If you have done Lab 1, you already have a copy of the lab source code. If not, you can find directions for obtaining the source via git in the Lab 1 instructions.

We supply you with skeleton code src/raft/raft.go. We also supply a set of tests, which you should use to drive your implementation efforts, and which we'll use to grade your submitted lab. The tests are in src/raft/test_test.go.

When we grade your submissions, we will run the tests without the -race flag.

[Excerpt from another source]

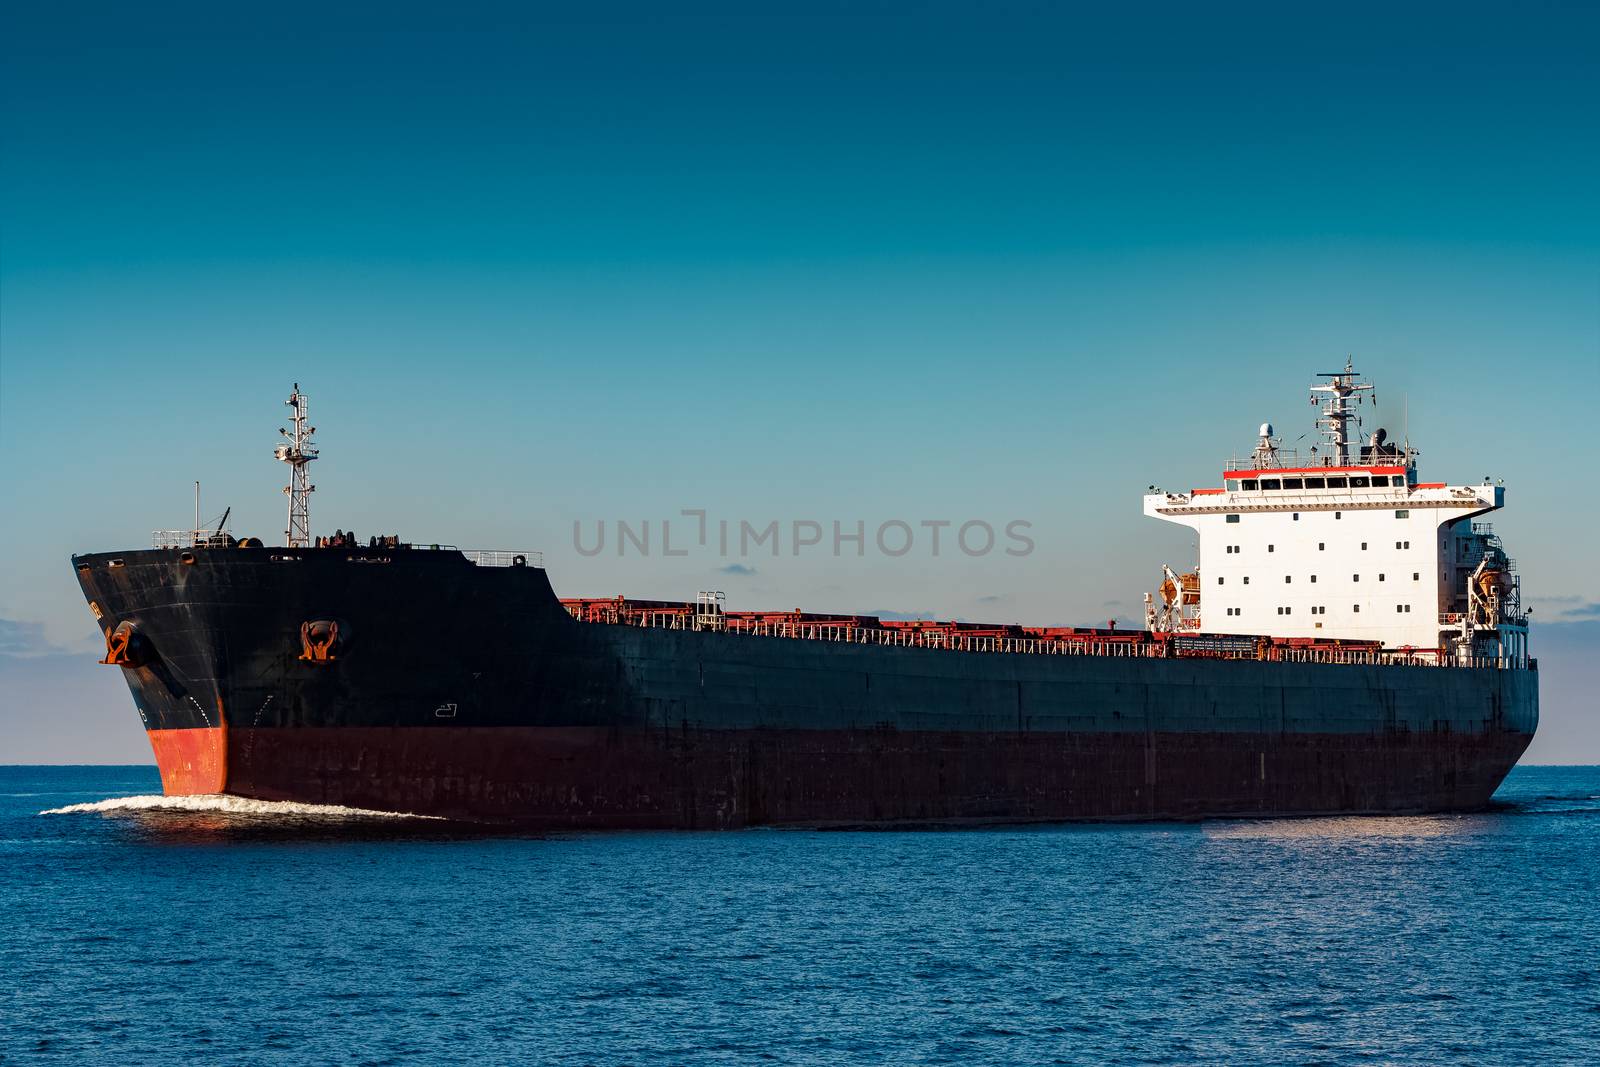 Black cargo ship by sengnsp

However, you should check that your code does not have races, by running the tests with the -race flag as you develop your solution.

To get up and running, execute the following commands.

$ cd src/raft
$ go test
Test (2A): initial election ...
--- FAIL: TestInitialElection2A (5.04s)
        config.go:326: expected one leader, got none
Test (2A): election after network failure ...
--- FAIL: TestReElection2A (5.03s)
        config.go:326: expected one leader, got none
...
$

The code

Implement Raft by adding code to
raft/raft.go. In that file you’ll find
skeleton code, plus examples of how to send and receive
RPCs.

Your implementation must support the following interface, which the tester and (eventually) your key/value server will use. You'll find more details in comments in raft.go.

// create a new Raft server instance:
rf := Make(peers, me, persister, applyCh)

// start agreement on a new log entry:
rf.Start(command interface{}) (index, term, isleader)

// ask a Raft for its current term, and whether it thinks it is leader
rf.GetState() (term, isLeader)

// each time a new entry is committed to the log, each Raft peer
// should send an ApplyMsg to the service (or tester).
type ApplyMsg

A service calls Make(peers,me,…) to create a Raft peer. The peers argument is an array of network identifiers of the Raft peers (including this one), for use with RPC. The me argument is the index of this peer in the peers array. Start(command) asks Raft to start the processing to append the command to the replicated log. Start() should return immediately, without waiting for the log appends to complete. The service expects your implementation to send an ApplyMsg for each newly committed log entry to the applyCh channel argument to Make().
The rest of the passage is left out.